5.2. Challenges Faced
A few challenges were encountered throughout the development and evaluation of the proposed tool, spanning from technical limitations to implementation complexities. These challenges provided valuable learning opportunities and highlighted areas for further improvement and refinement in future iterations of the tool. Key challenges faced during the project include RAG Framework Misalignment, Error Handling and Debugging, and Integration and Testing Overhead.

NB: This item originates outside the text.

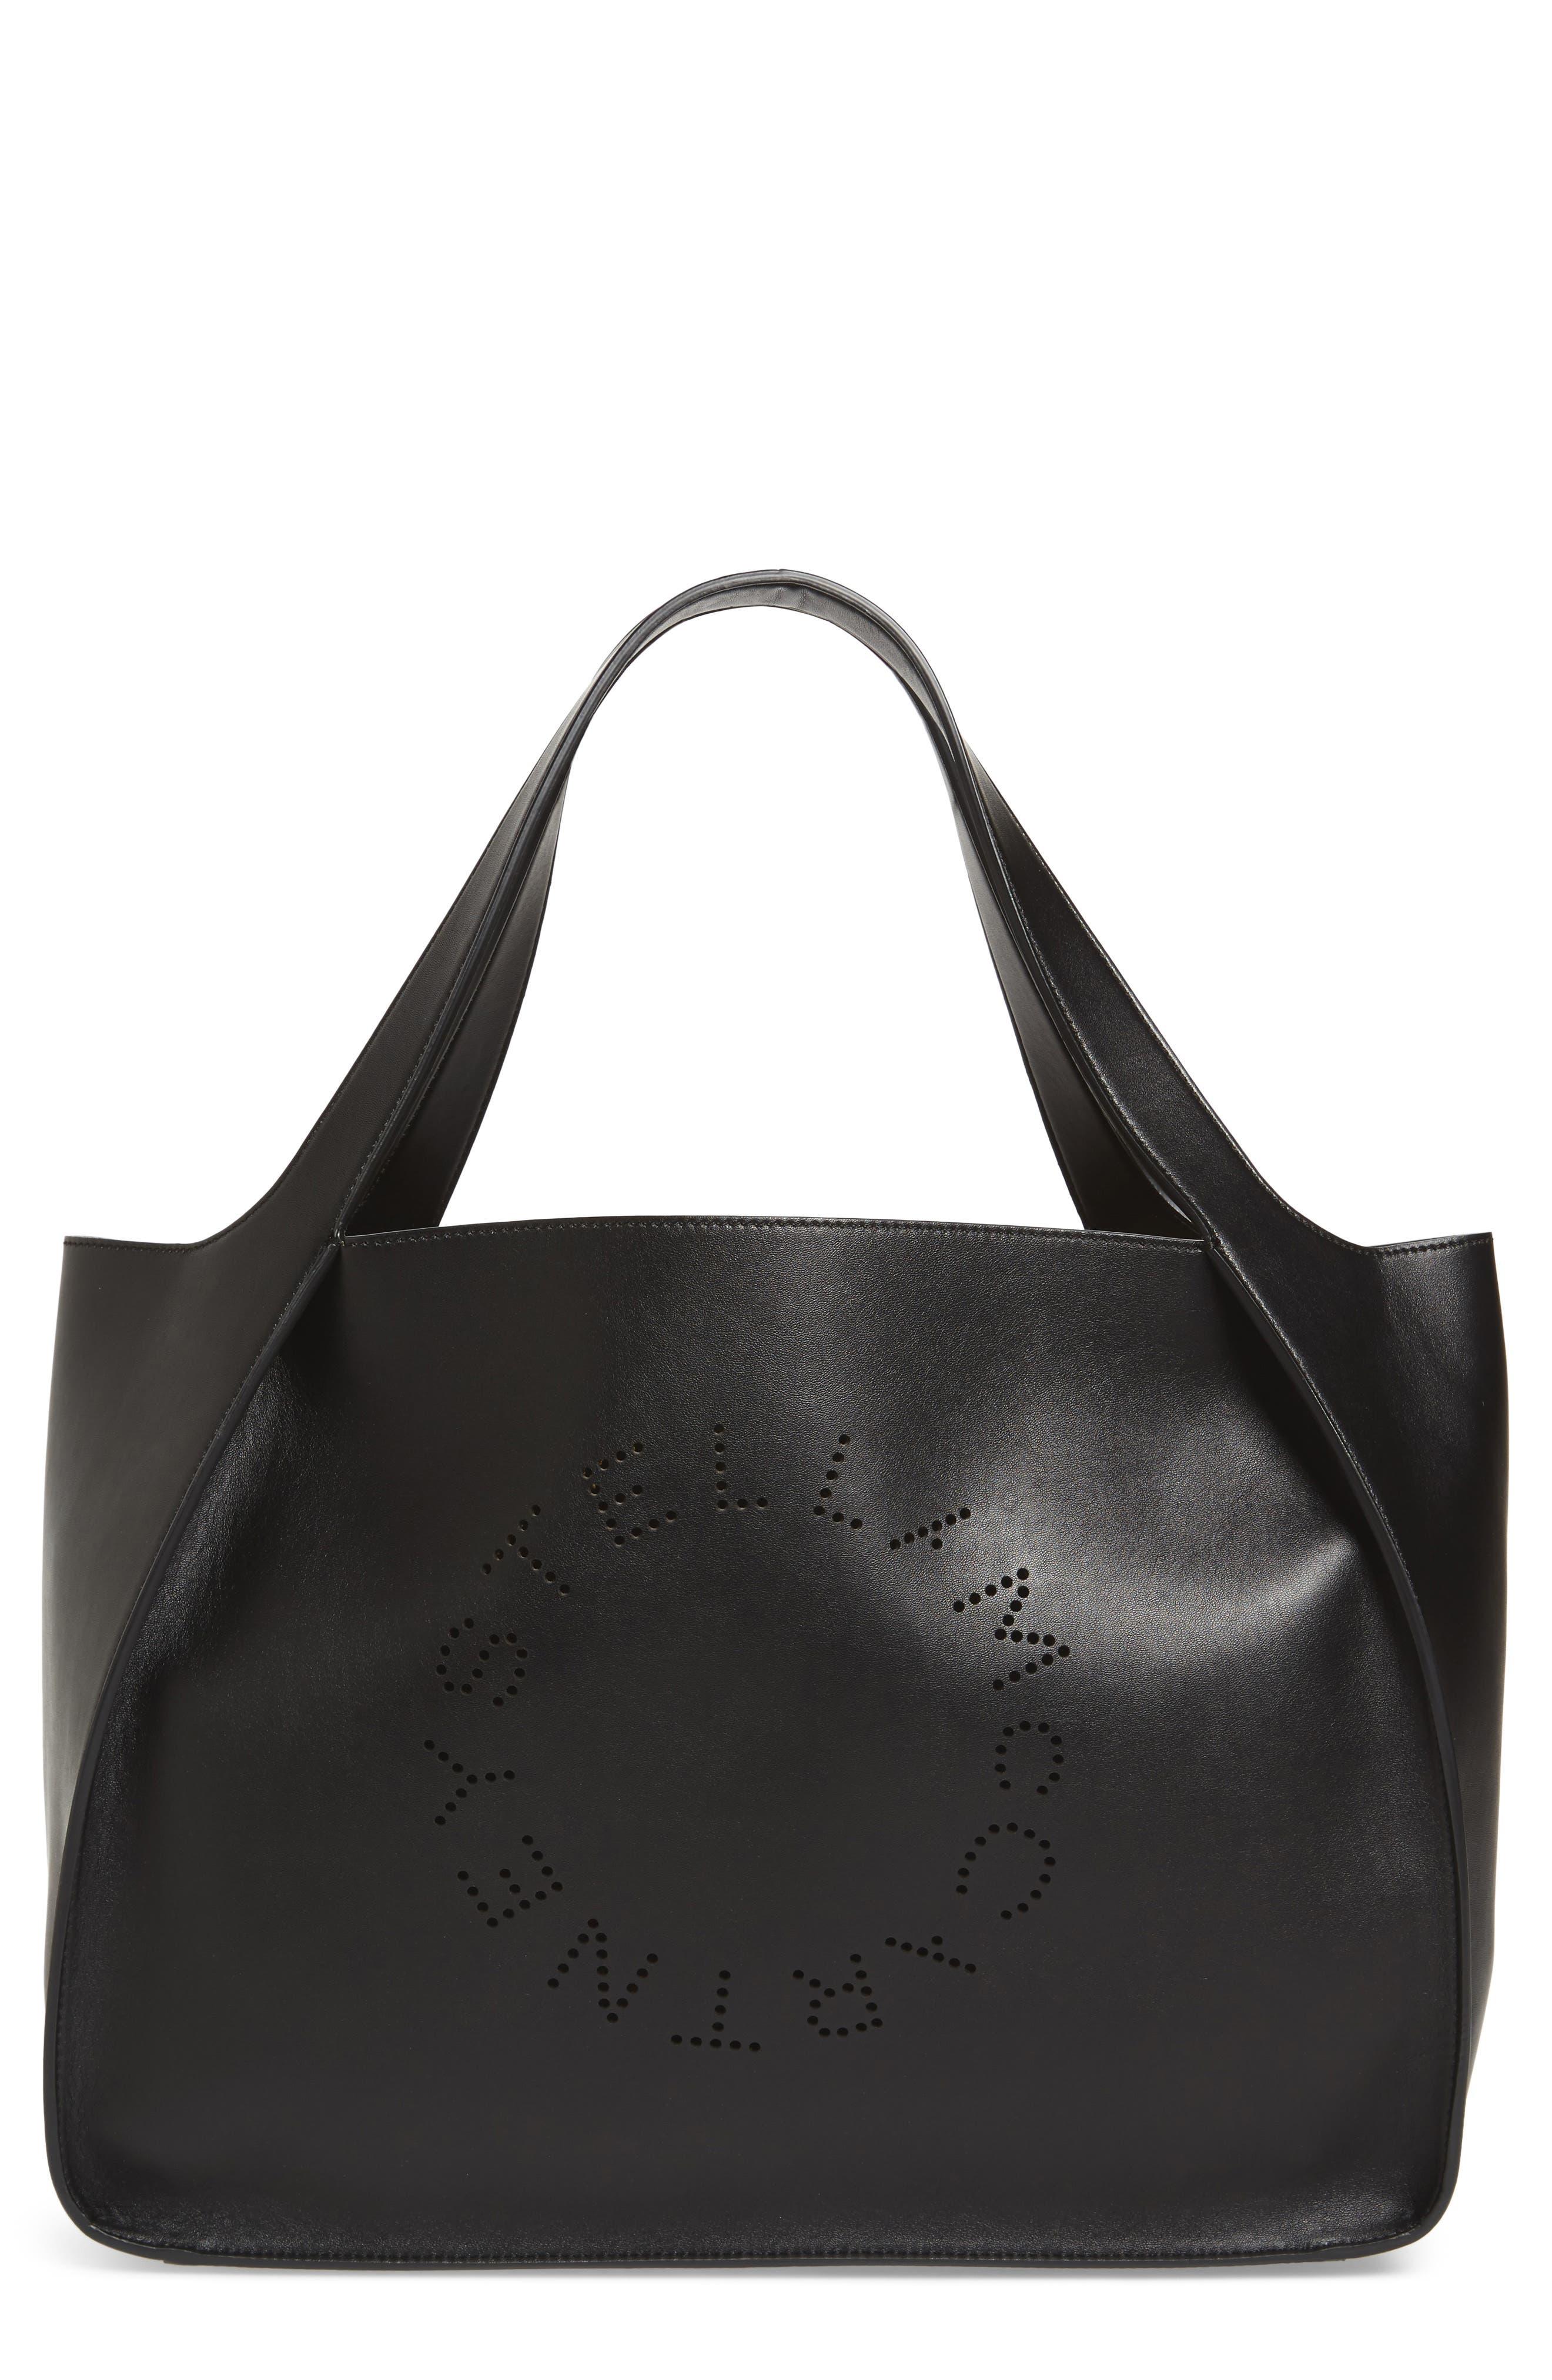 Alternate Image 1 Selected - Stella McCartney Medium Perforated Logo Faux Leather Tote

5.2.1. RAG Framework Misalignment
One of the significant challenges encountered in the project involved the initial implementation of the RAG framework. The tool was designed to utilize retrieved context from external textbooks and knowledge bases to inform its responses. However, during the early stages of development, the system occasionally generated outputs that directly replicated or referenced examples from the retrieved textbooks rather than addressing the user-provided input code. For instance, when tasked with refactoring a user-provided code snippet, the tool sometimes returned a refactored version of a similar example code from the textbooks instead. Similarly, when generating test cases, the tool occasionally focused on textbook examples rather than the specific user query. This misalignment resulted from the RAG framework prioritizing retrieved-context above user input, treating external resources as the primary source of solutions rather than a repository of best practices. To solve this issue, detailed instructions were included to the system prompts. The modified prompts indicated that external textbooks should only be utilized as a reference for understanding and applying best practices, not as a source of solutions. This improvement in prompt design effectively addressed the issue, ensuring that the tool delivered outputs that were relevant to the user input while relying on external resources for contextual guidance.

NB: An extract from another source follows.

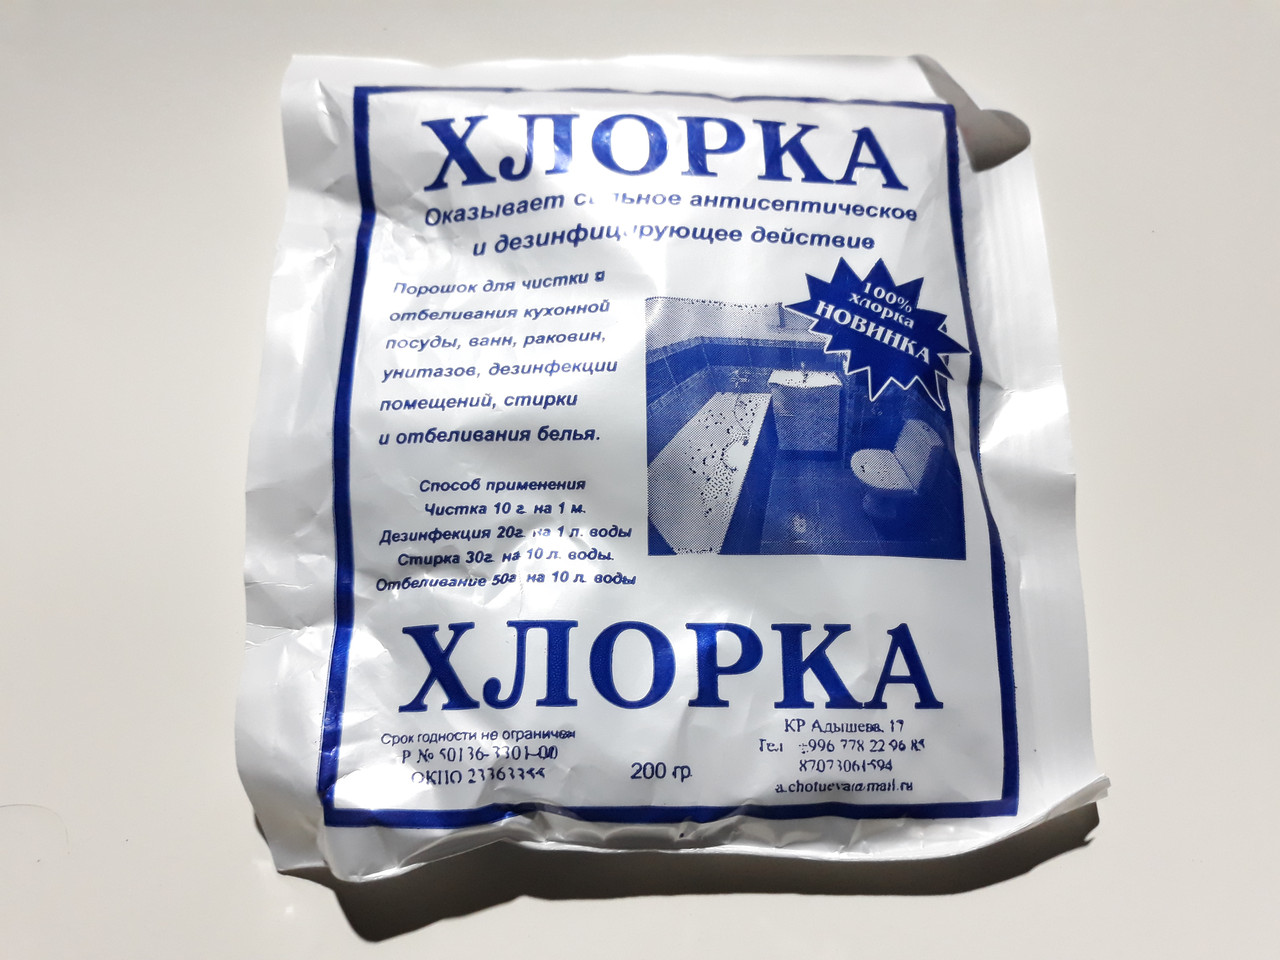 Хлорка   Фирменная Большая.  200гр./ 180 гр.

5.2.2. Error Handling and Debugging
A recurring challenge during the development of the tool was how to handle inconsistencies in the formatting of JSON responses generated by the LLM. Although the tool required outputs in a structured JSON format to ensure compatibility with downstream processes, the formatting of the generated JSON varied across responses. For example, some outputs included missing fields, incorrect nesting, or slight deviations from the expected schema, leading to JSON parsing errors. These inconsistencies complicated the evaluation process, as manual debugging was frequently required to identify and correct the issues. To address this issue, the prompts were refined to explicitly specify the desired JSON structure in detail. This adjustment significantly improved the consistency of the generated outputs and the LLM was able to produce JSON responses that were consistently parsable and compatible with the tool’s requirements.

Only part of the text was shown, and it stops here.